Increased ALT (9%); increased AST (8%); increased platelet count, increased serum alkaline phosphatase (7%); decreased neutrophil count (6%); decreased Hgb (5%); decreased Hct, increased urine RBC, increased urine WBC (3%); decreased segmented neutrophils, decreased serum albumin, decreased serum potassium, decreased WBC, increased eosinophils, increased serum glucose, increased total serum bilirubin (2%); increased WBC, urine protein present (more than 1%); decreased platelet count, increased PT, increased serum creatinine, increased serum potassium (1%).

Local

Infused vein complication, pain (7%); erythema (4%); extravasation, phlebitis, phlebitis/thrombophlebitis, swelling (2%); induration, warmth (1%).

Respiratory

Cough (4%); atelectasis, dyspnea (3%); pneumonia, upper respiratory tract infection (2%); rales/rhonchi, respiratory distress, wheezing (1%).

Miscellaneous

Wound infections (7%); anemia (6%); fever (5%); edema/swelling, wound complication (3%); anastomotic leak, hypothermia, postoperative infection, wound secretion (2%); herpes simplex, leg pain, seroma, wound dehiscence (1%); anaphylaxis/anaphylactoid reactions, drug rash with eosinophilia and systemic symptoms (postmarketing).

Precautions

Monitor

Periodic assessment of organ system function, including renal, hepatic, and hematopoietic, is advised during prolonged therapy. Monitor patient's response to therapy.


Pregnancy

Category B . Passage to the fetus should be expected. There is no evidence that any beta-lactam antibiotic causes developmental toxicity in humans at therapeutic doses.

Lactation

Excreted in breast milk. The effects on a breast-feeding infant are unknown, but are of doubtful clinical significance.

Children

Safety and efficacy not established in children younger than 3 mo.

Elderly

Because elderly patients are more likely to have decreased renal function, select dose with caution.

Hypersensitivity

Serious and occasionally fatal hypersensitivity reactions have been reported with beta-lactam therapy.

Renal Function

Adjust dose accordingly.

Superinfection

May result in bacterial or fungal overgrowth of nonsusceptible organisms.

CNS

Seizures and other CNS adverse reactions may occur.

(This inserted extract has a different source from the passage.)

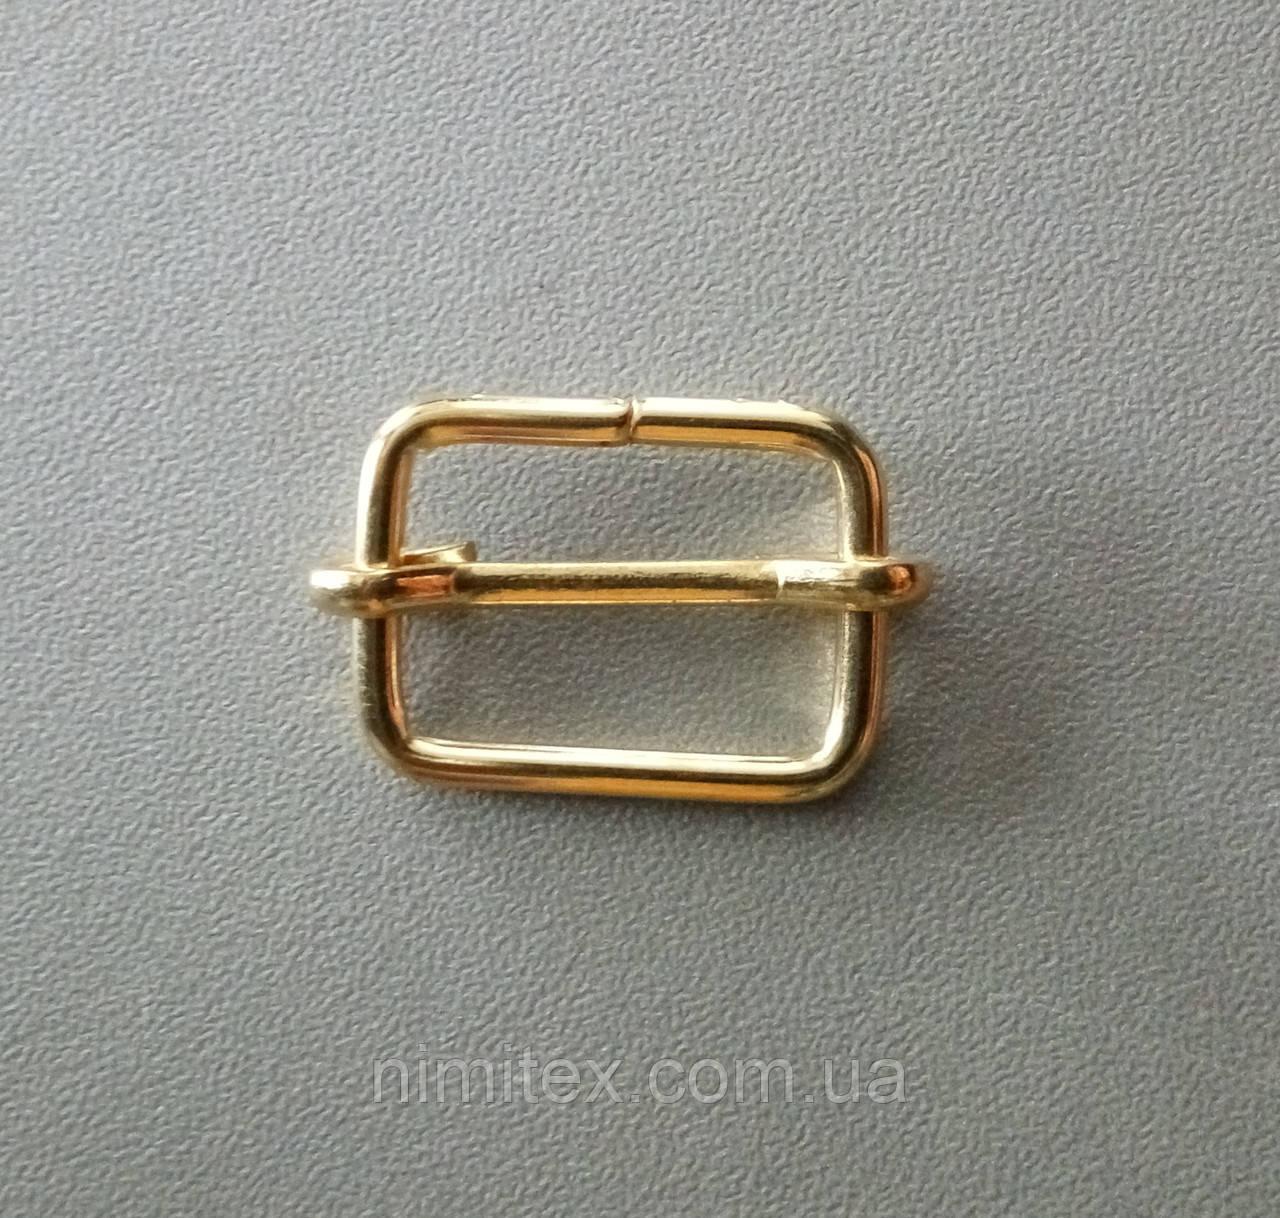 Регулятор перетяжка 20 мм золото

C. difficile –associated diarrhea

Consider possibility in patients with diarrhea.

Overdosage

Symptoms

Diarrhea, dizziness, nausea.

Patient Information

  • Advise patient to notify health care provider if infection does not improve or appears to worsen.
  • Instruct patient to report the following symptoms to health care provider: black, furry tongue; diarrhea; difficulty breathing; hives; itching; loose, foul-smelling, watery, or bloody stools; rash; vaginal itching or discharge.
  • Warn patient, family, or caregiver that if diarrhea containing blood or pus develops after discharge, this may be a sign of a serious disorder. Instruct patient to seek medical care if noted and not to treat at home.
  • Advise patient to inform health care provider if they are taking valproic acid or divalproex sodium for seizures. Therapy modifications may be needed.